The previous behavior (new keys weren't strongly consistent) were weird, and made a lot of patterns that AWS itself sort of guides you towards, broken.
For example, you can set up an SQS queue to be informed of writes into a bucket. The idea being that some component writes into the bucket, and a consumer then fetches the data & processes it. Except — gotcha! — there wasn't a guarantee of consistency. It would usually work, though, and so you'd get these weird failures that you couldn't explain unless you already knew the answer, really.
Same thing with how S3 object names sort of feel like file names, and that you might use them for something useful, and you design around that, and then you hit the section of the docs that says "no, you shouldn't, they should be uniformly balanced". (Though honestly, I've never felt any negative side-effects from ignoring this, unlike the consistency guarantees.)
> then you hit the section of the docs that says "no, you shouldn't, they should be uniformly balanced". (Though honestly, I've never felt any negative side-effects from ignoring this
You likely won’t, unless you hit a bucket size that has at least a billion small files inside. If you get into the trillion and above range and are heavily unbalanced due to a recent deploy of yours, ooops, there goes S3. Or it did in 2013 anyway.
Are there any scenarios where you would want eventual consistency over strong consistency? (Assuming pricing, performance, replication etc are the same.)
Your last sentence is the answer I’ve always heard given: this in the context of a performance trade off — do you wait for every node in the system to acknowledge an update and purge caches, or return as soon as a sufficient durability threshold has been hit?
These are synonyms.
How do you scale? Horizontally. How you do it without degrading performance, is the same way you increase availability. Eventual consistency.

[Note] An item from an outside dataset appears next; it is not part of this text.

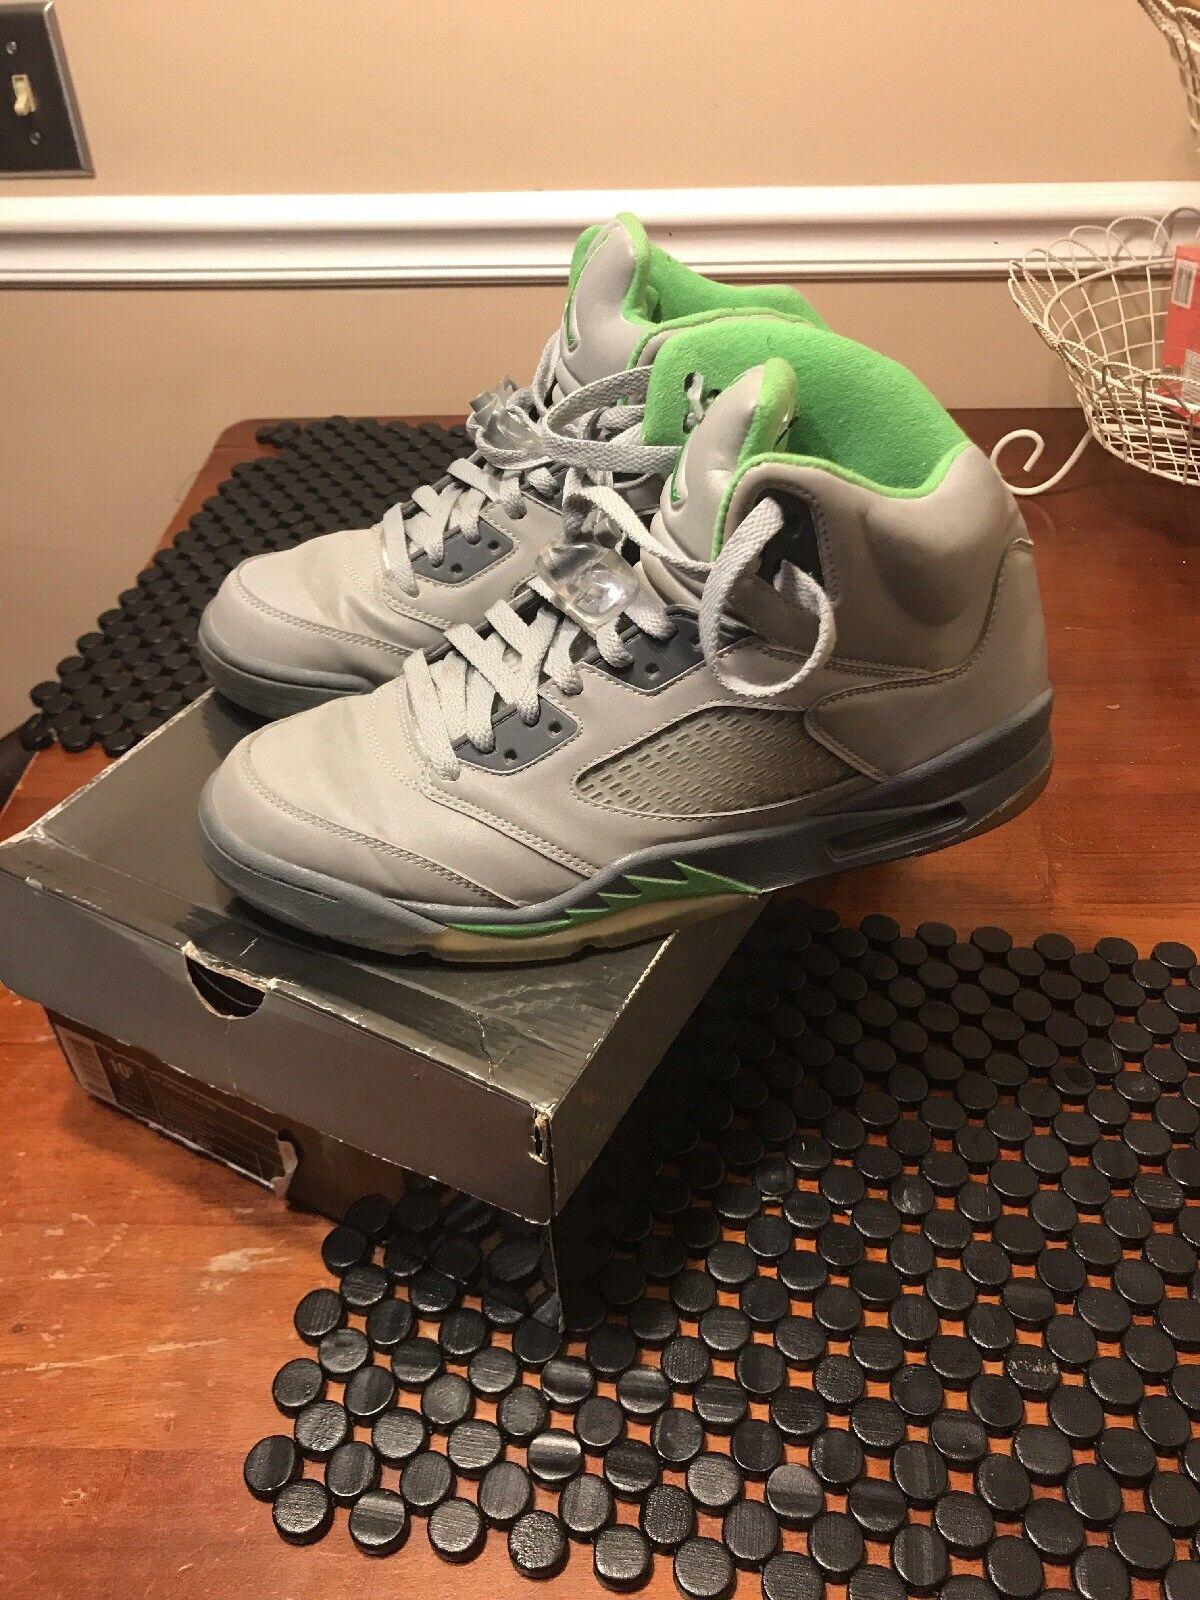 Air Jordan 5 Retro Size 10 Silver/green Green Bean/Flint grey

No. A magical do-everything datastore would have strong consistency. Eventual consistency is something you might settle for given the performance cost trade offs.

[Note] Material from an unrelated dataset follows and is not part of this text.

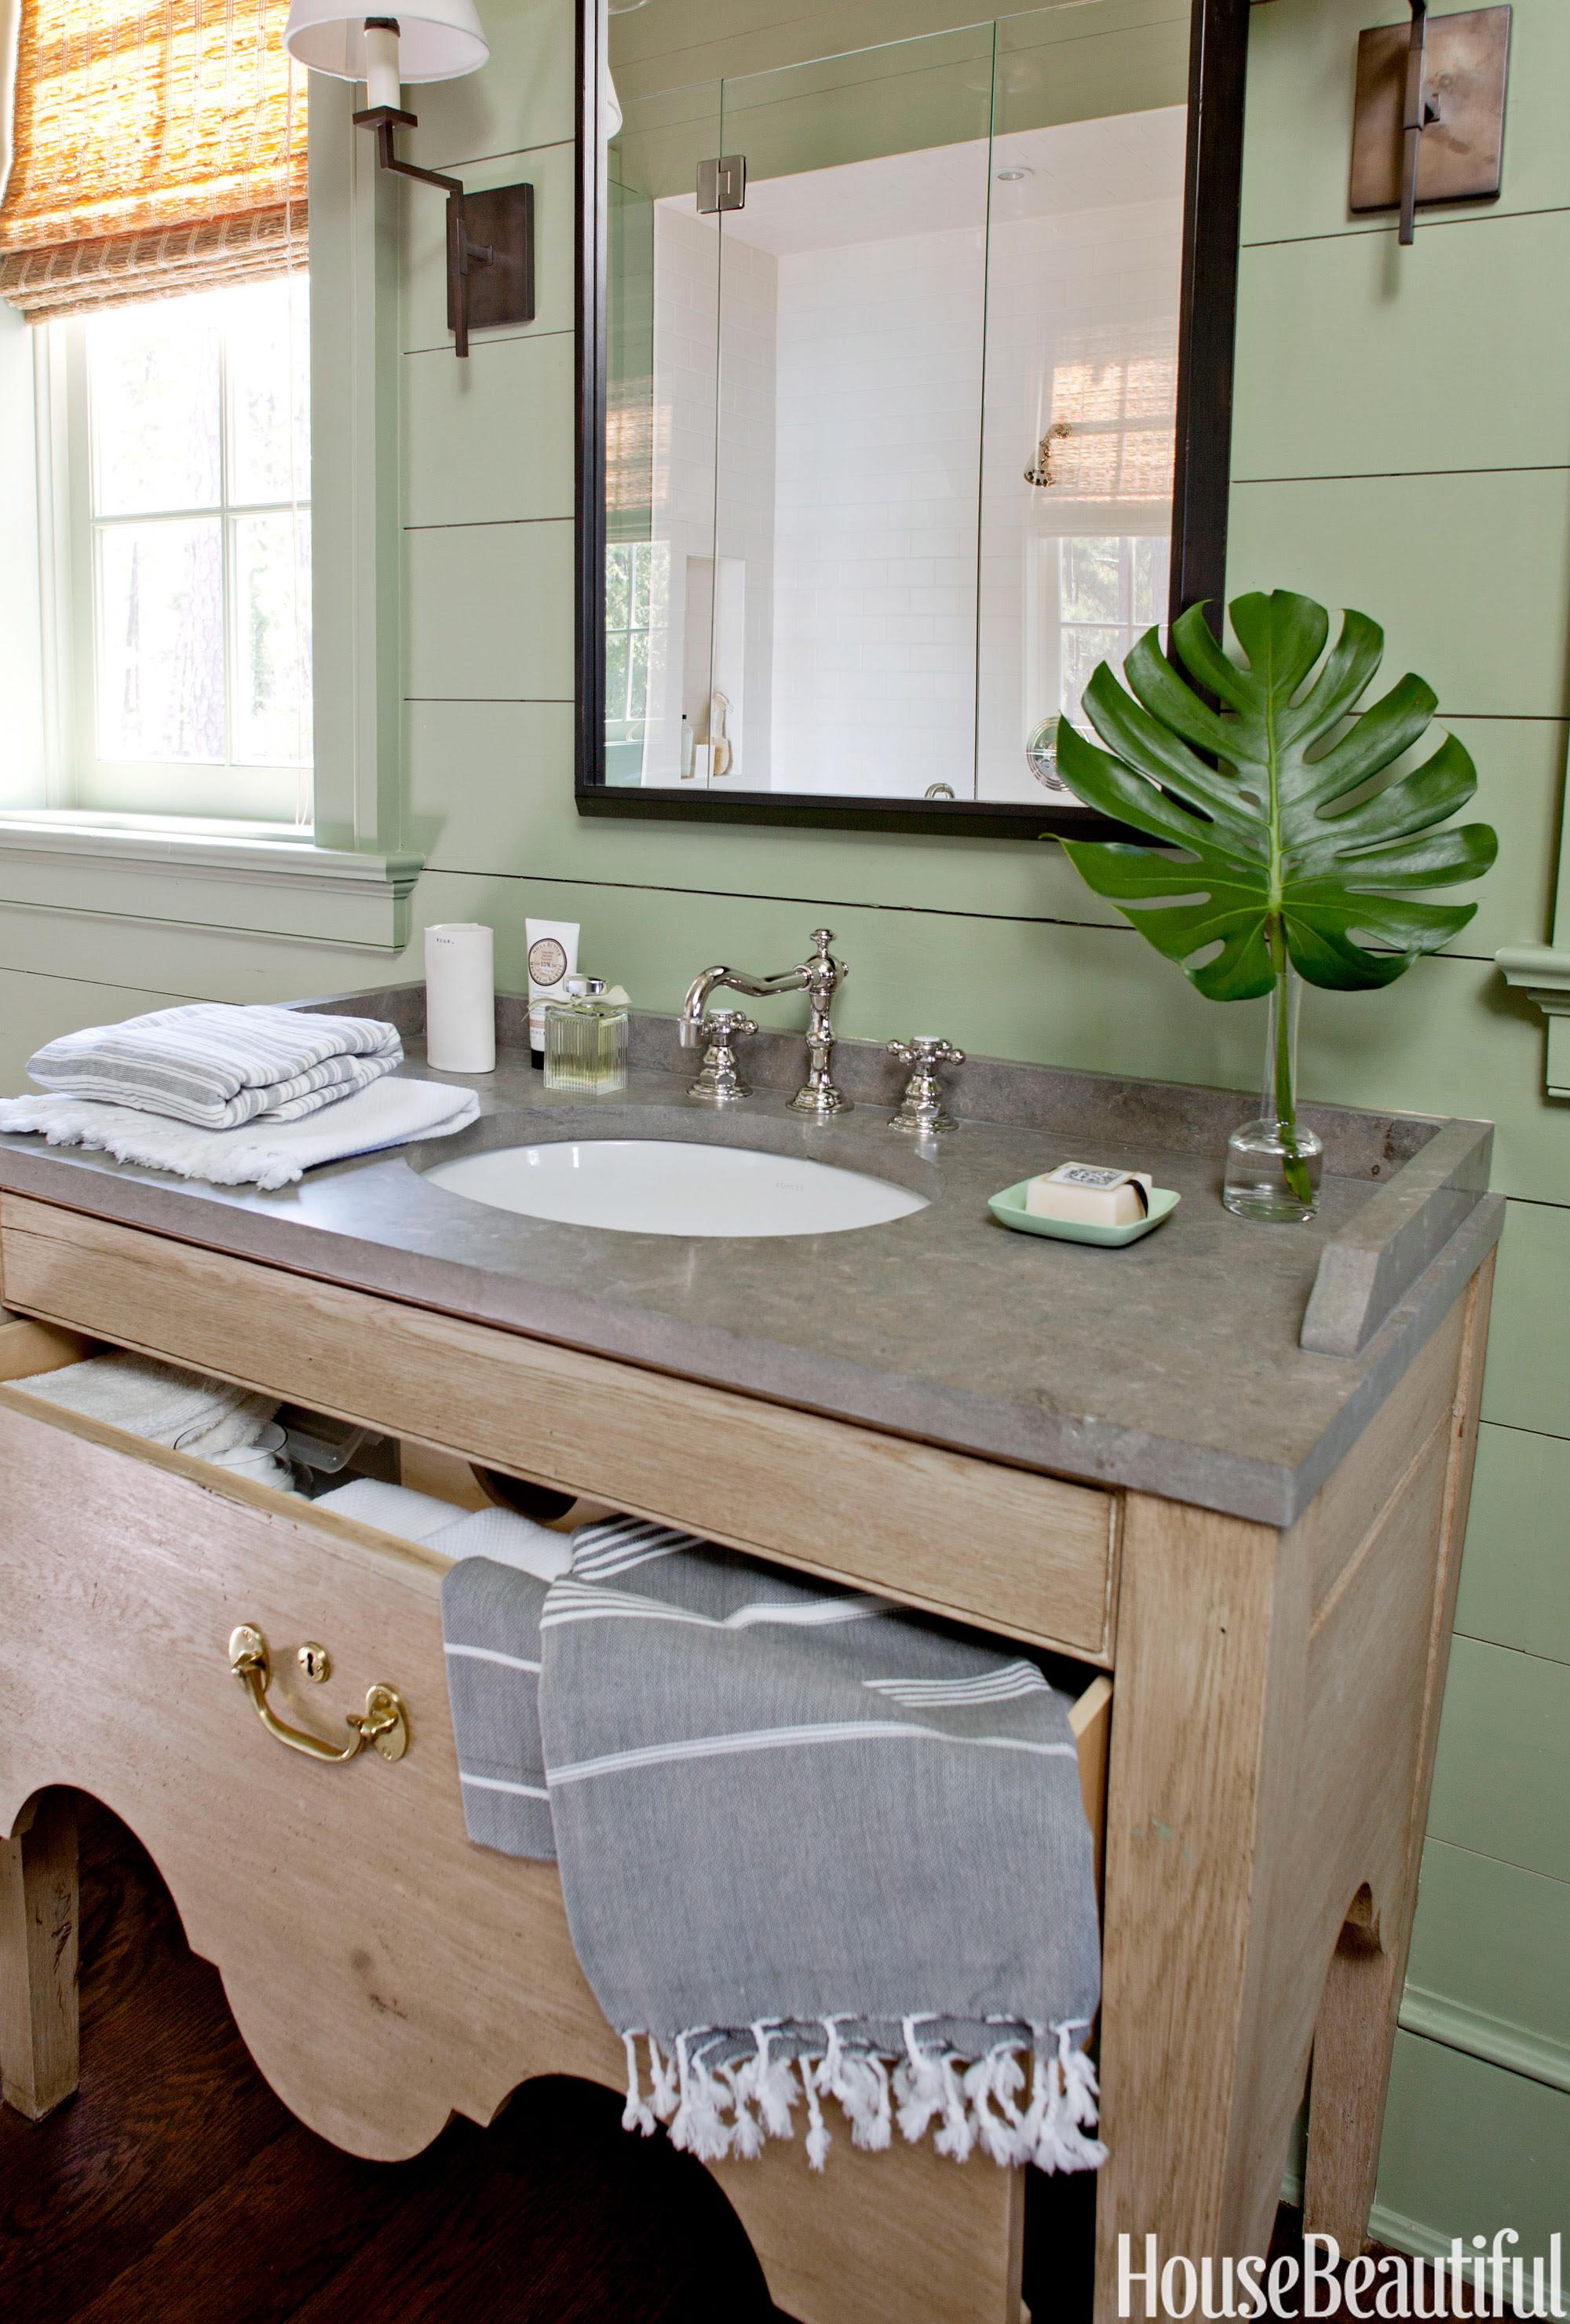 25 Small Bathroom Design Ideas - Small Bathroom Solutions

To see this, consider that strong consistency has all the guarantees of eventual consistency, plus some more. And the additional guarantees might make your application much easier to write.
It wasn’t a bug, it was well-documented behavior. However, it was the root of many bugs by people building on top of S3 that did not take the eventual consistency into account.
I’ll bet this release is going to fix a lot of weird bugs in systems out there using S3.
I'm pulling my hair out because people are using eventual consistency to mean "eventual consistency with a noticeable lag before the consistency is achieved", which bothers the pedant in me.
I mean, technically, strong consistency implies eventual consistency (with lag = 0). But everyone's equating eventual consistency with the noticeable lag itself, implying that EC per se is a bad thing.
For an analogy, it would be like if people were talking about how rectangular cakes suck, because <problems of unequal width vs length>, and thus they use square cakes, but ... square cakes are rectangular too.
(What's going on is that people use <larger set> to mean <larger set, excluding members that qualify for smaller set>. <larger set> = eventual consistency, rectangle; <smaller set> = strong consistency, square.)
Obviously, it's not a problem for communication because everyone implicitly understands what's going on and uses the words the same way, but I wish people spoke in terms of "has anyone actually seen a consistency lag?" rather than "has anyone actually seen eventual consistency?", since the latter is not the right way to frame it, and is actually a good thing to have, which happened both before and after this development.
Eventual consistency with zero lag is not strong consistency. Two simultaneous conflicting writes with eventual consistency will appear successful. Strong consistency guarantees that one of the writes will fail.
EDIT: I think the reason people care about the lag is specifically for this case; if you want to know if your eventually consistent write actually succeeded then you need to know how long to wait to check.
Well, in all the threads, they’re describing situations with lag. That is, they’re equating eventual consistently with the lag, and implying it’s therefore bad, when eventual consistency can include unnoticeably small lag.
And thus it’s the lag that they’re actually bothered by, not the EC per se. Hence my clawed out hair.
S3 is almost certainly not fully partition tolerant at the node level and requires some sort of quorum. Other “magical” data stores like Spanner also retain this limitation, they just have very reliable replication strategies.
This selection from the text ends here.